Gli abbiamo chiesto se poteva darci un passaggio per Roma e lui ha risposto quietamente che stava tornando a Rieti con un ragazzo tredicenne, dopo aver aspettato invano l’arrivo di un parente da Bologna. Di fronte alla nostra costernazione, ci ha però invitati a salire lo stesso in macchina con i nostri bagagli e ha dichiarato che un’ora in più o in meno non faceva differenza. Lo abbiamo ringraziato increduli, ma lui ha sostenuto di essere soltanto «il mezzo di qualcuno che aveva pregato per noi».
Cambiando del tutto il proprio percorso, attraverso un paesaggio irreale di neve, silenzio e solitudine, in cinquanta minuti ci ha depositati sotto casa nostra. Il mio cellulare non ha registrato il suo numero di telefono e ancora non siamo riusciti a ringraziare come avremmo voluto il signor Mohamed, marocchino originario di Casablanca che abita a Rieti da più di vent’anni, e salutare Amin, studente delle medie appassionato di scienze che parla italiano meglio di noi.

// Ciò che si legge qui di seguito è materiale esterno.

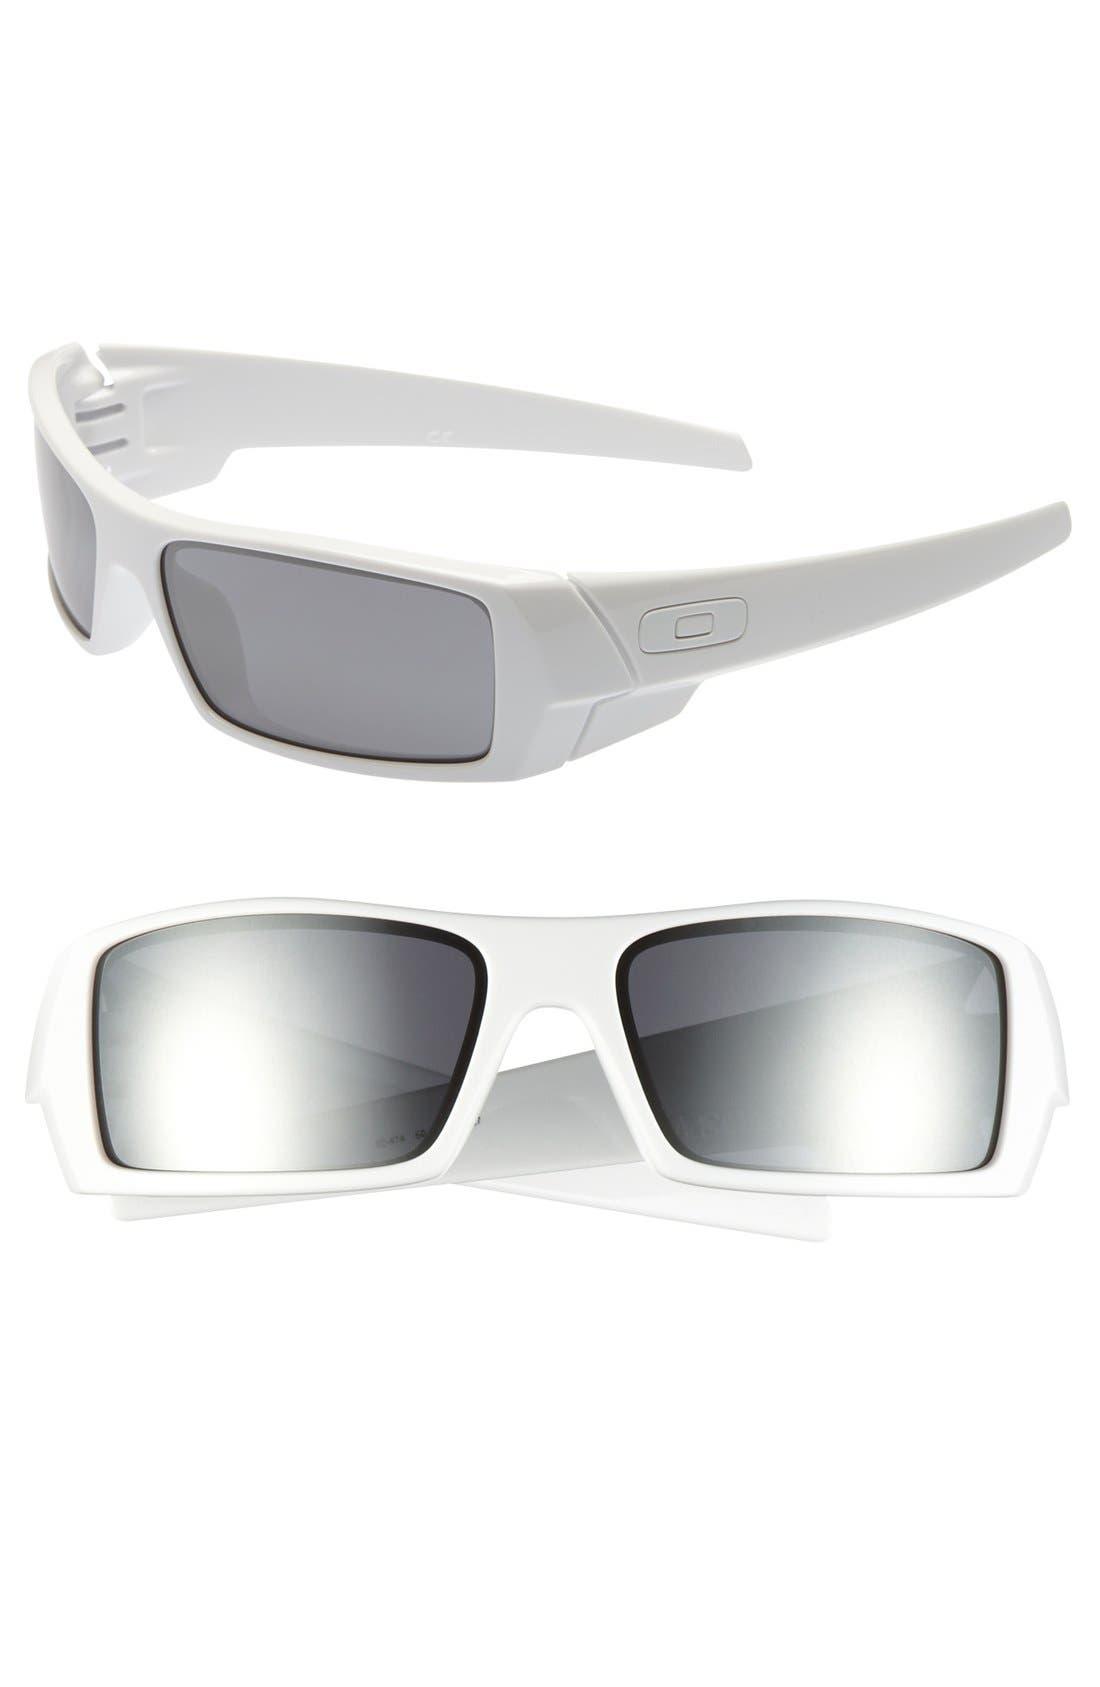 Main Image - Oakley 'Gascan' 60mm Sunglasses
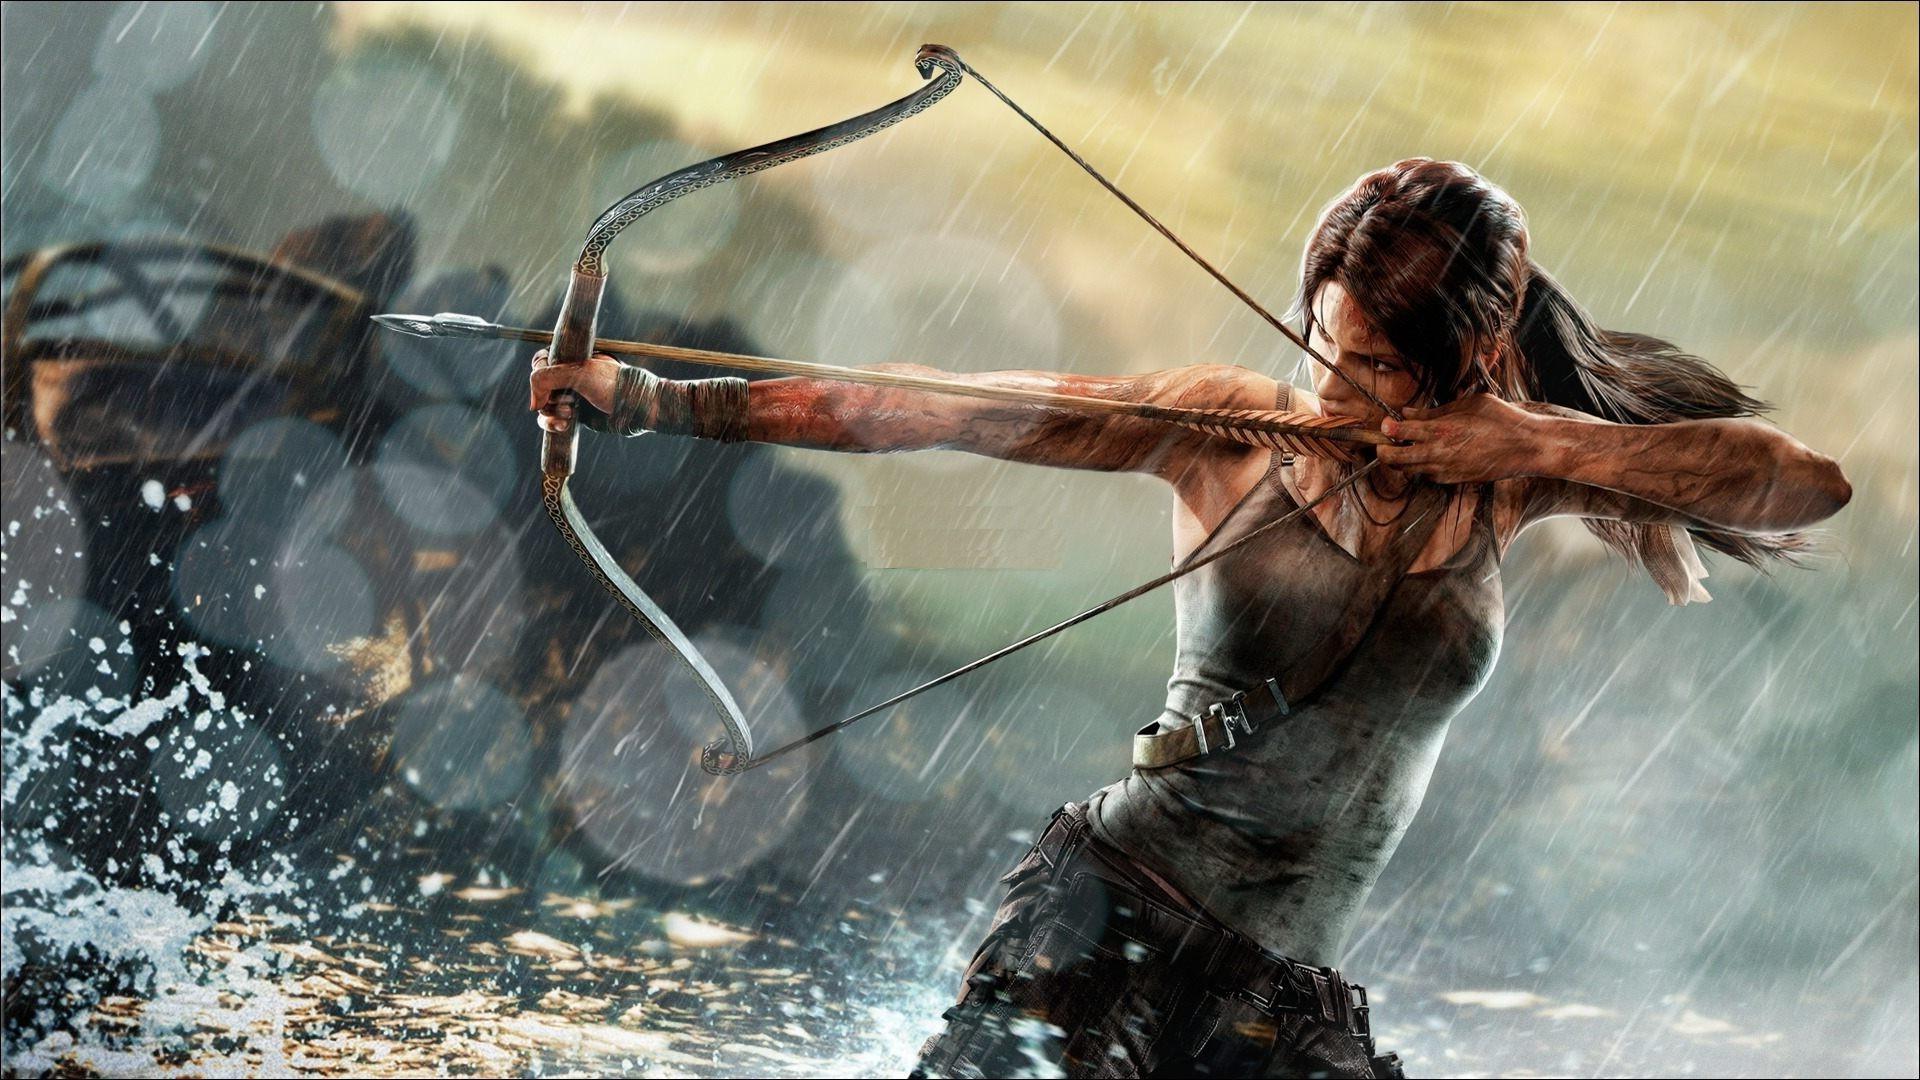 1920x1080 Px Archers Bows Lara Croft Rise Of The Tomb Raider Video Games

Loretta Baldassarri D’Ascenzi, Roma
 
Non so dirle, cara signora Loretta, se il signor Mohamed sarà raggiunto da queste sue parole attraverso le nostre pagine. Ma lo spero, sinceramente lo spero. Poiché so anch’io che tutti, ma proprio tutti, in modi anche impensabili possiamo essere nei confronti di chi incontriamo un «mezzo» giusto, persino lo strumento provvidenziale delle preghiere di chi ci vuole bene. Sono contento che ci aiuti a ricordarlo l’uomo e padre – un cittadino di Rieti, nato a Casablanca, in Marocco – che, in una gelida sera di febbraio, ha «quietamente» soccorso lei e suo marito insegnando al suo ragazzo, nato e cresciuto nella nostra terra, qualcosa di semplice e di definitivo a proposito della gentilezza, dell’uso buono del tempo, del rispetto verso chi «è il là con gli anni» e, appunto, della forza della preghiera. Sarei anche contento, cara signora, se questa piccola storia che lei ha condiviso con noi aiutasse, con la sua lineare eloquenza, tutti coloro che hanno responsabilità politiche a riflettere con un po’ più di urgenza sul modo migliore per governare con realismo, giustizia e umanità i processi di immigrazione e d’integrazione nella nostra Italia. E, per ultimo, oso augurarmi che anche qualcuno di quelli che amano suscitare soprattutto polemiche e sospetti contro gli stranieri venuti a vivere e a lavorare con noi riesca a interrogarsi su che cosa ci rende davvero "stranieri" gli uni agli altri, su che cosa rischia di farci perdere la nostra antica e generosa sapienza cristiana nei rapporti umani.